A 2015 study showed that 1 of every 550 patients treated with opioids for noncancer pain – and 1 of 32 who received the highest doses (more than 200 morphine milligram equivalents per day) – died within 2.5 years of the first prescription.

Dr. Frieden noted that opioids do have a place when the potential benefits outweigh the potential harms. “But for most patients – the vast majority of patients – the risks will outweigh the benefits,” he said.

The opioid epidemic is one of the most pressing public health issues in the United States today, said Sylvia M. Burwell, secretary of the Department of Health & Human Services. A year ago, she announced an HHS initiative to reduce prescription opioid and heroin-related drug overdose, death, and dependence.

“Last year, more Americans died from drug overdoses than car crashes,” Ms. Burwell said during the teleconference, noting that families across the nation and from all walks of life have been affected.

Combating the opioid epidemic is a national priority, she said, and the CDC guideline will help in that effort.

“We believe this guideline will help health care professionals provide safer and more effective care for patients dealing with chronic pain, and we also believe it will help these providers drive down the rates of opioid use disorder, overdose, and ... death,” she said.

The American Medical Association greeted the guideline with cautious support.

“While we are largely supportive of the guidelines, we remain concerned about the evidence base informing some of the recommendations,” noted Dr.
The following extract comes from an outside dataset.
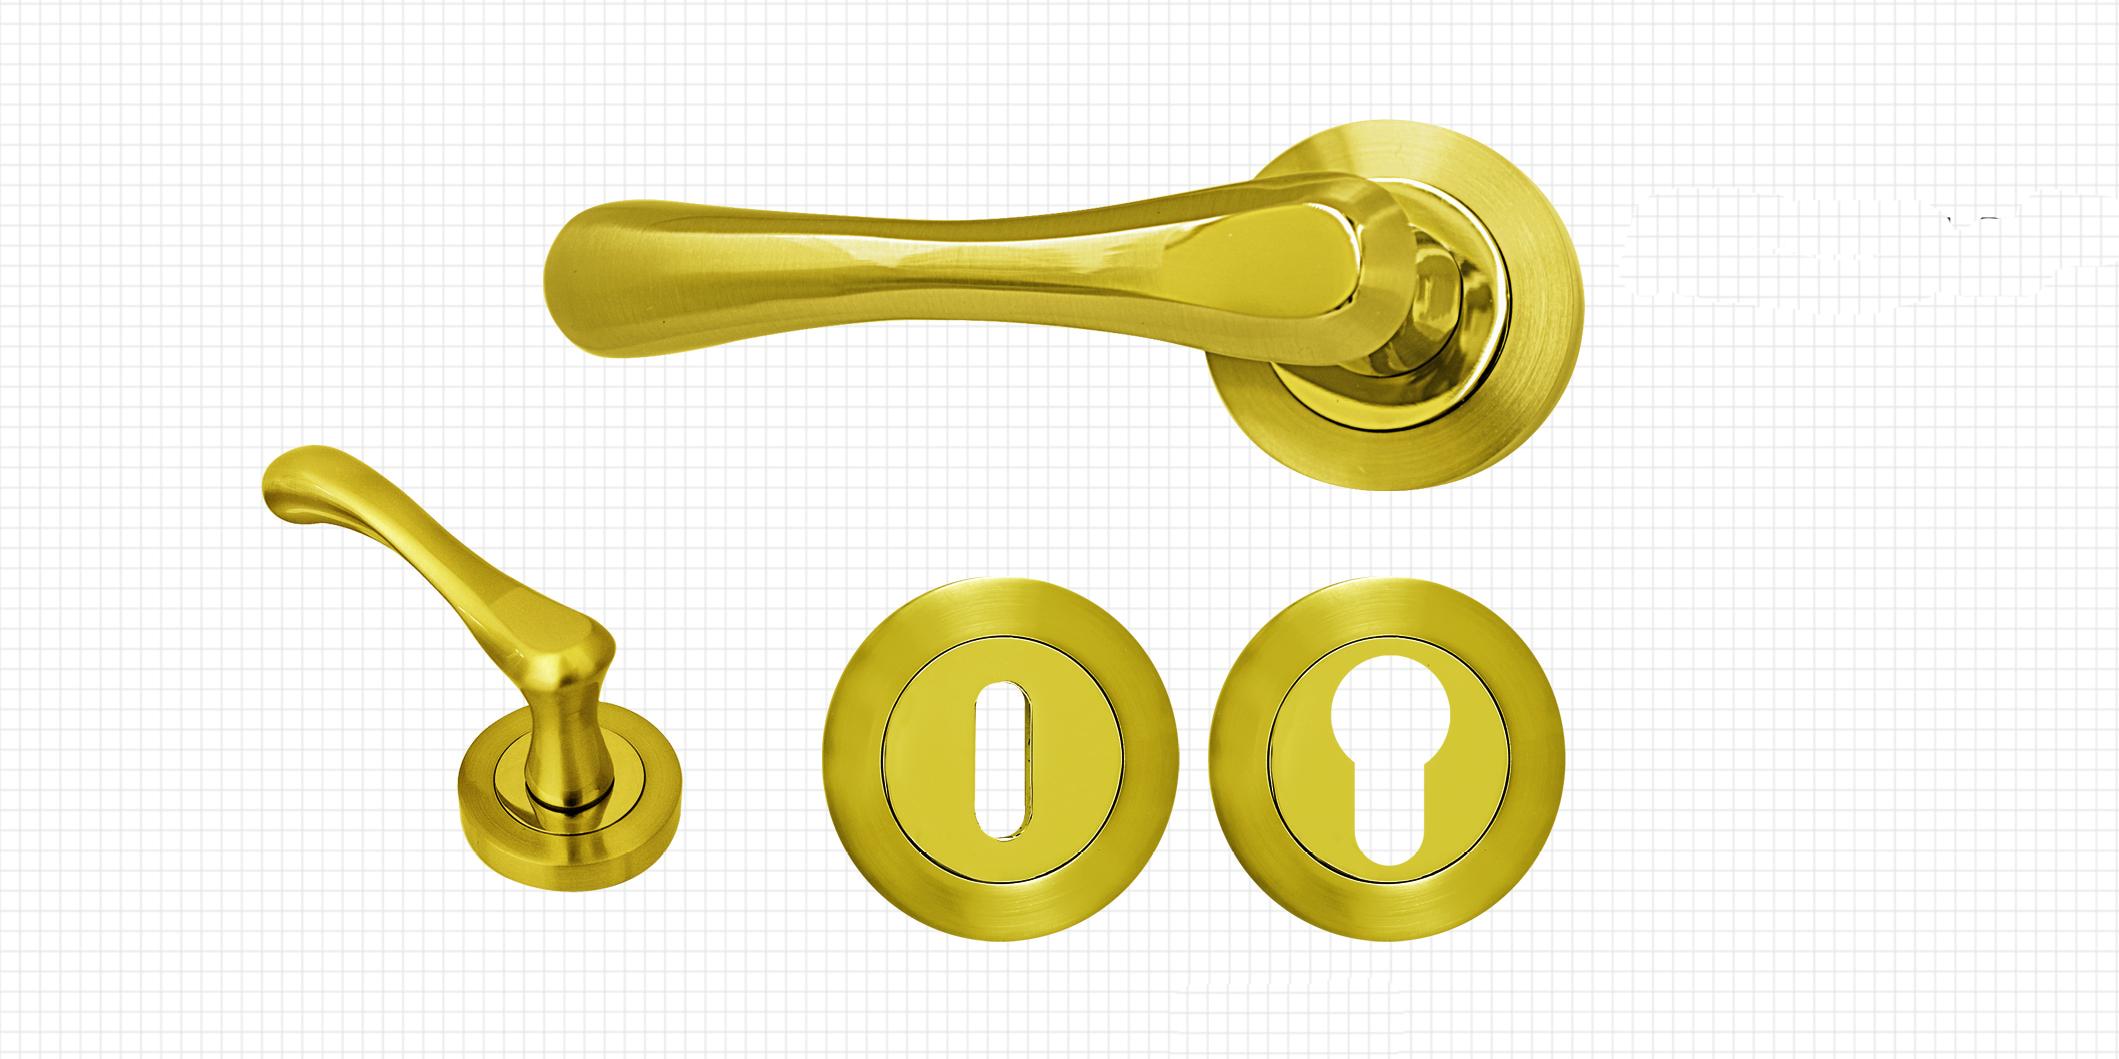 60018 ΧΡΥΣΟ ΜΑΤ - ΧΡΥΣΟ

Patrice A. Harris, chair-elect of the AMA board and chair of the AMA Task Force to Reduce Opioid Abuse, in a statement.

The AMA also cited potential conflicts between the guideline and product labeling and state laws, as well as obstacles such as insurance coverage limits on nonpharmacologic treatments.
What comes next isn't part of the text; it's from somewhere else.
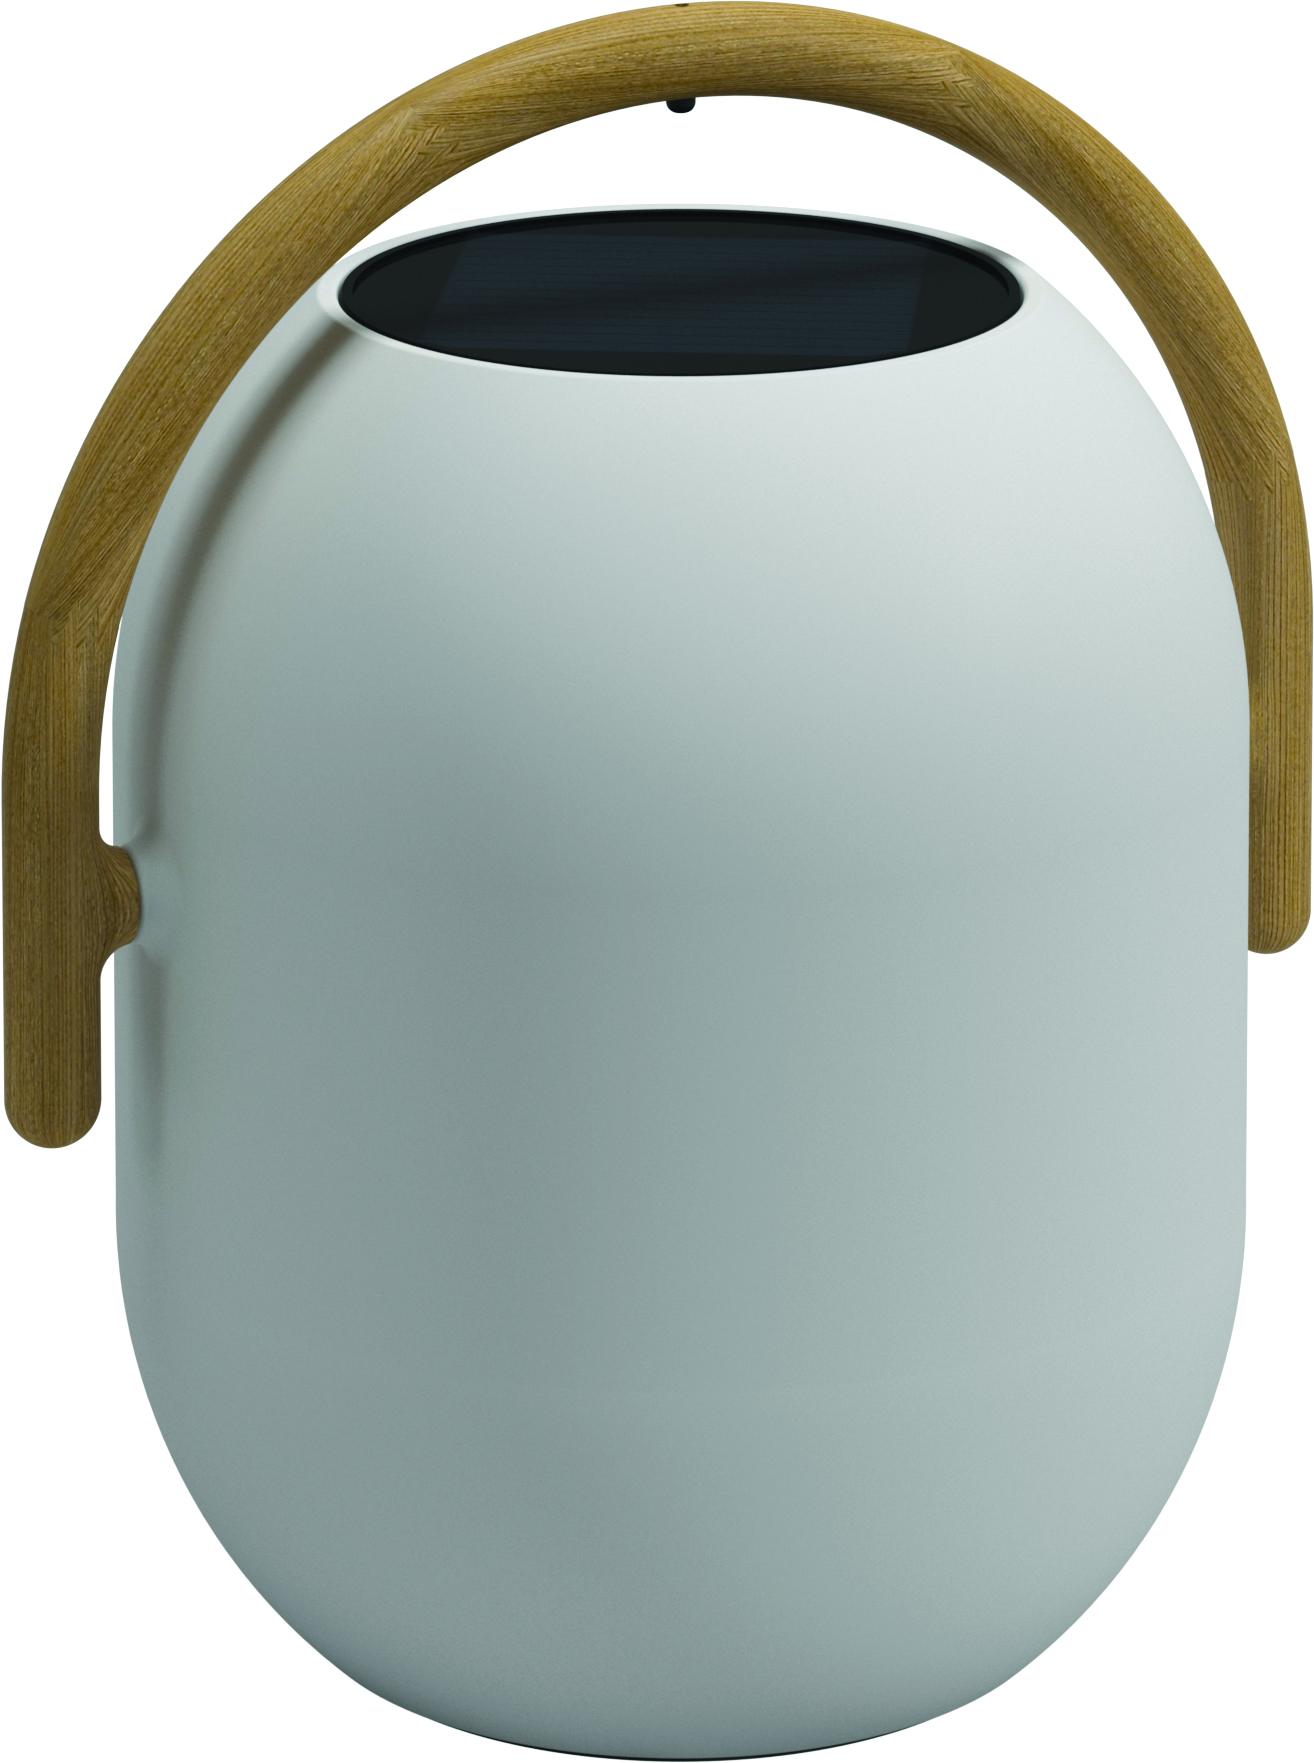 Gloster Cocoon lantern

“If these guidelines help reduce the deaths resulting from opioids, they will prove to be valuable,” Dr. Harris said in the statement. “If they produce unintended consequences, we will need to mitigate them.”
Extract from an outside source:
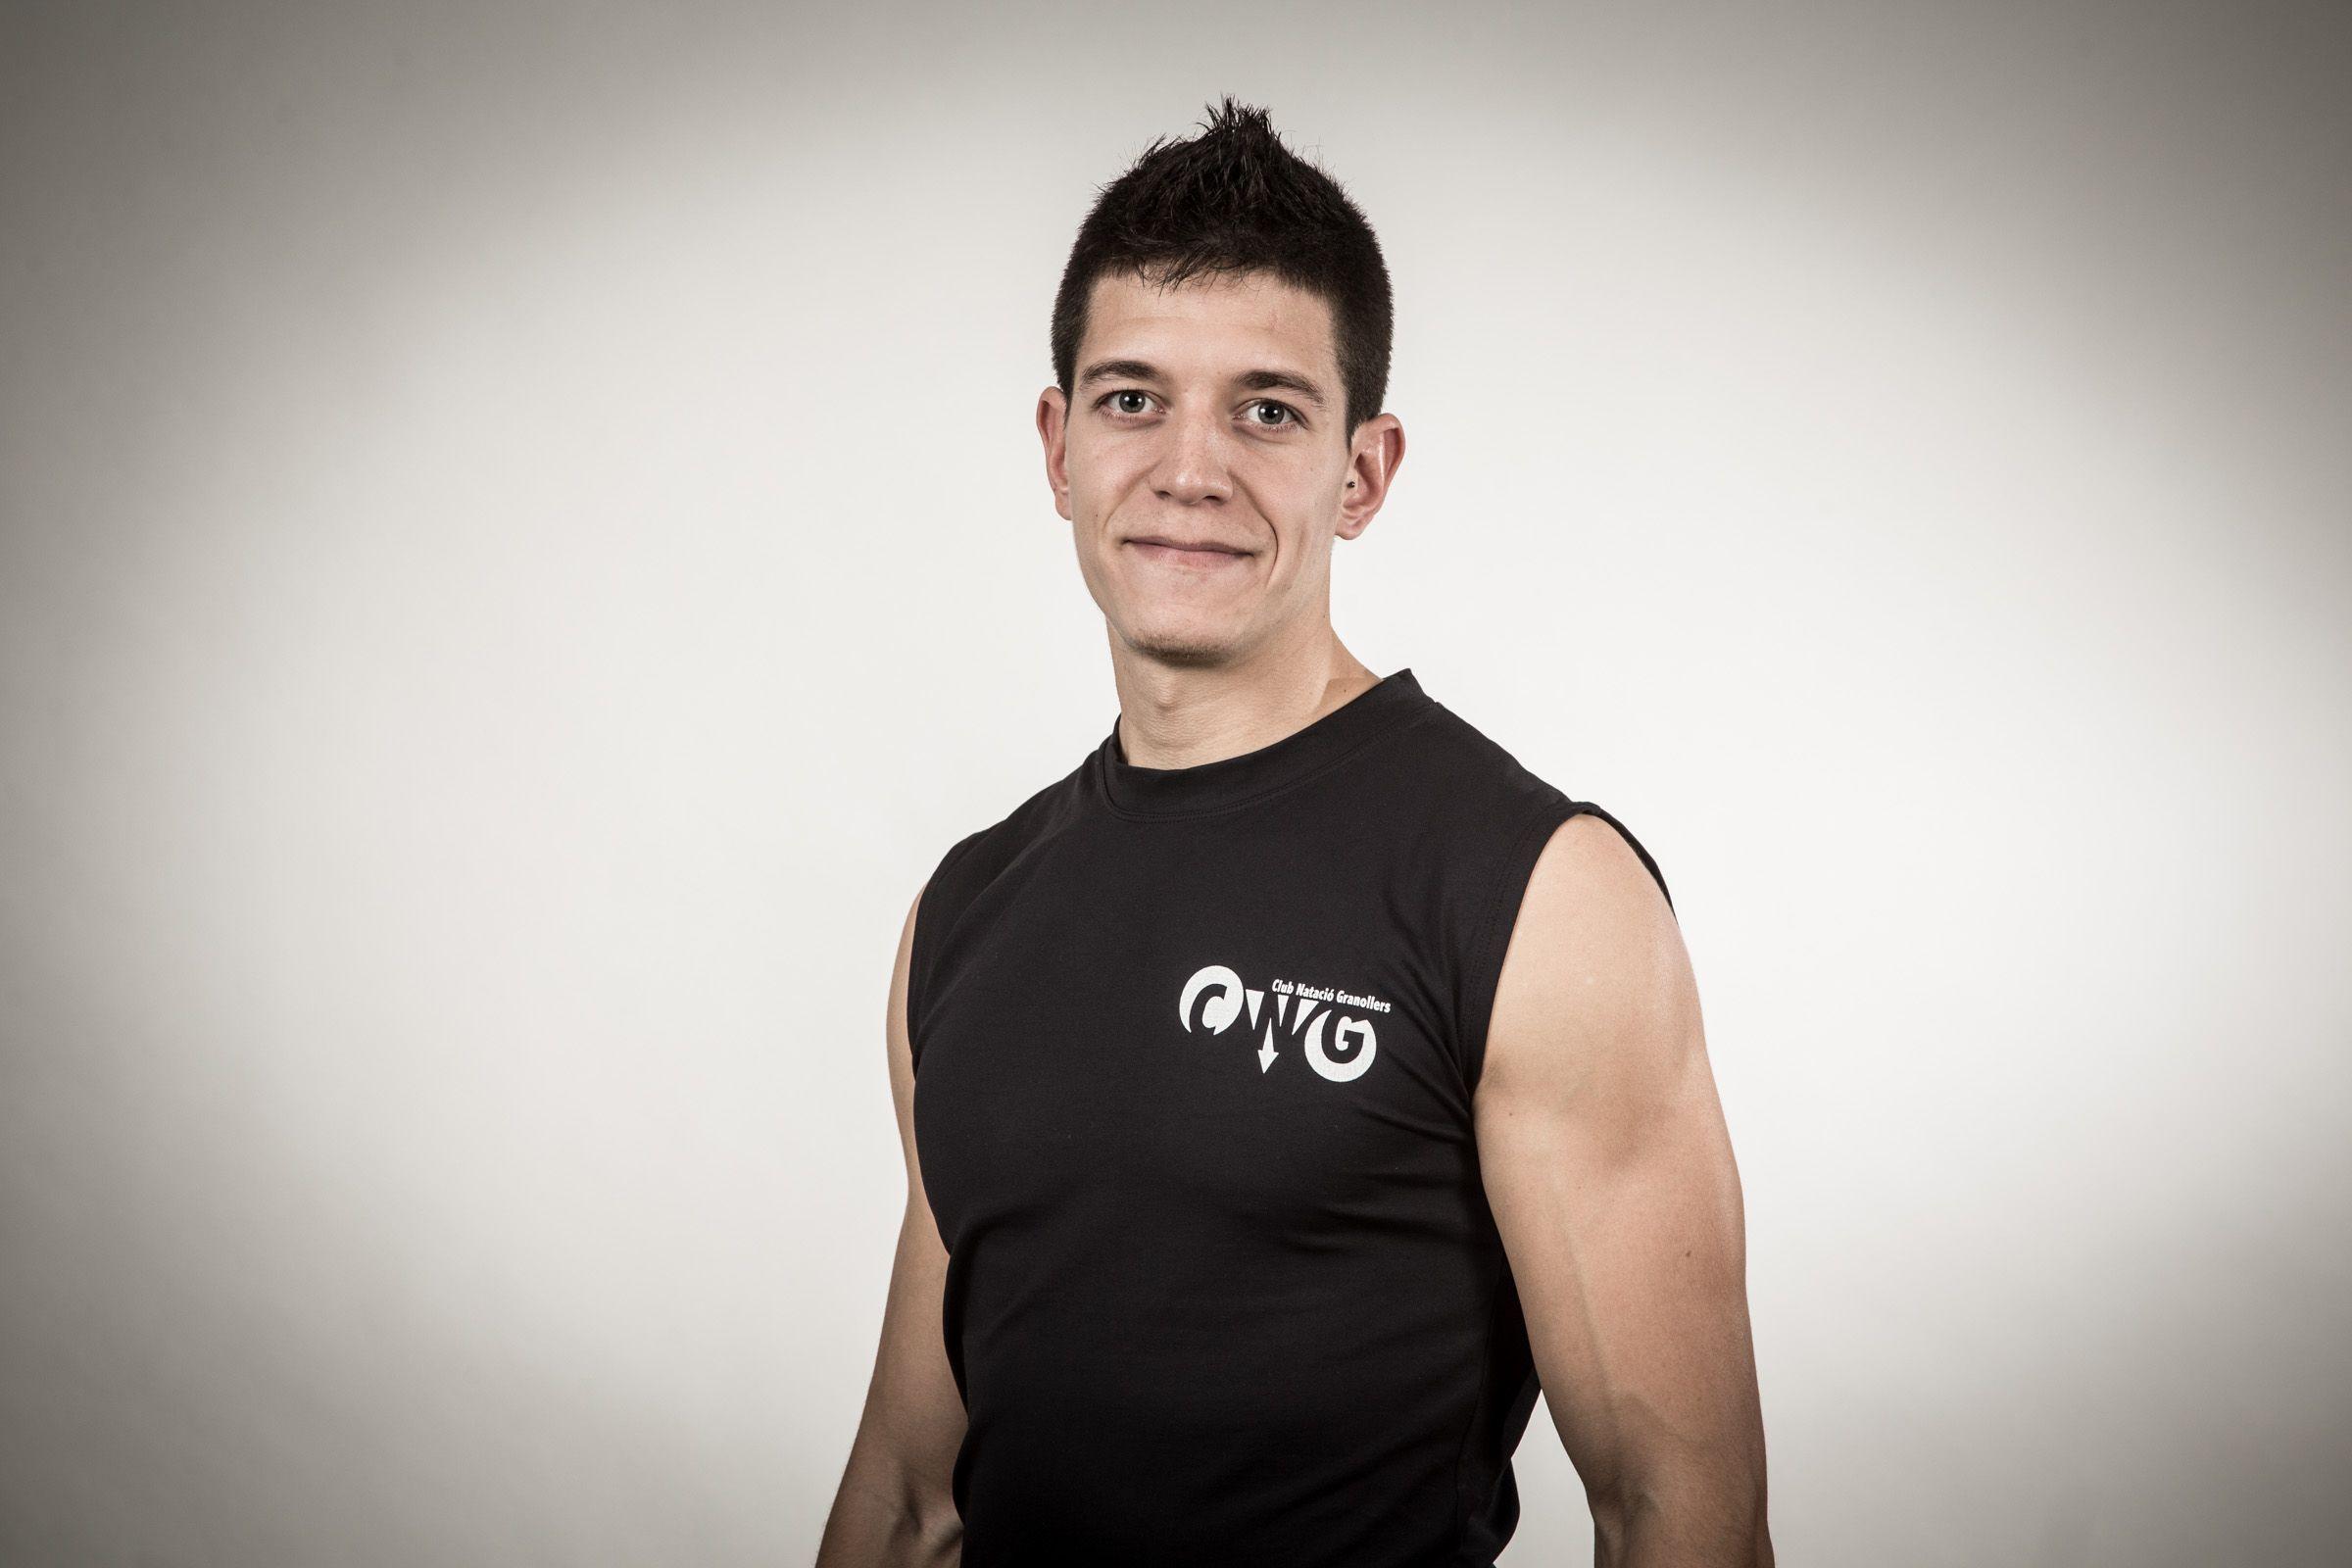 Pablo J. Pardo Barceló

Of note, the guideline stresses the right of patients with chronic pain to receive safe and effective pain management, and focuses on giving primary care providers – who account for about half of all opioid prescriptions – a road map for providing such pain management by increasing the use of effective nonopioid and nonpharmacologic therapies.

 

 

It was developed through a “rigorous scientific process using the best available scientific evidence, consulting with experts, and listening to comments from the public and partner organizations,” according to the CDC statement. The organization “is dedicated to working with partners to improve the evidence base and will refine the recommendations as new research becomes available.

”In conjunction with the release of the guideline, the CDC has provided a checklist for prescribing opioids for chronic pain, and a website with additional tools for implementing the recommendations within the guideline.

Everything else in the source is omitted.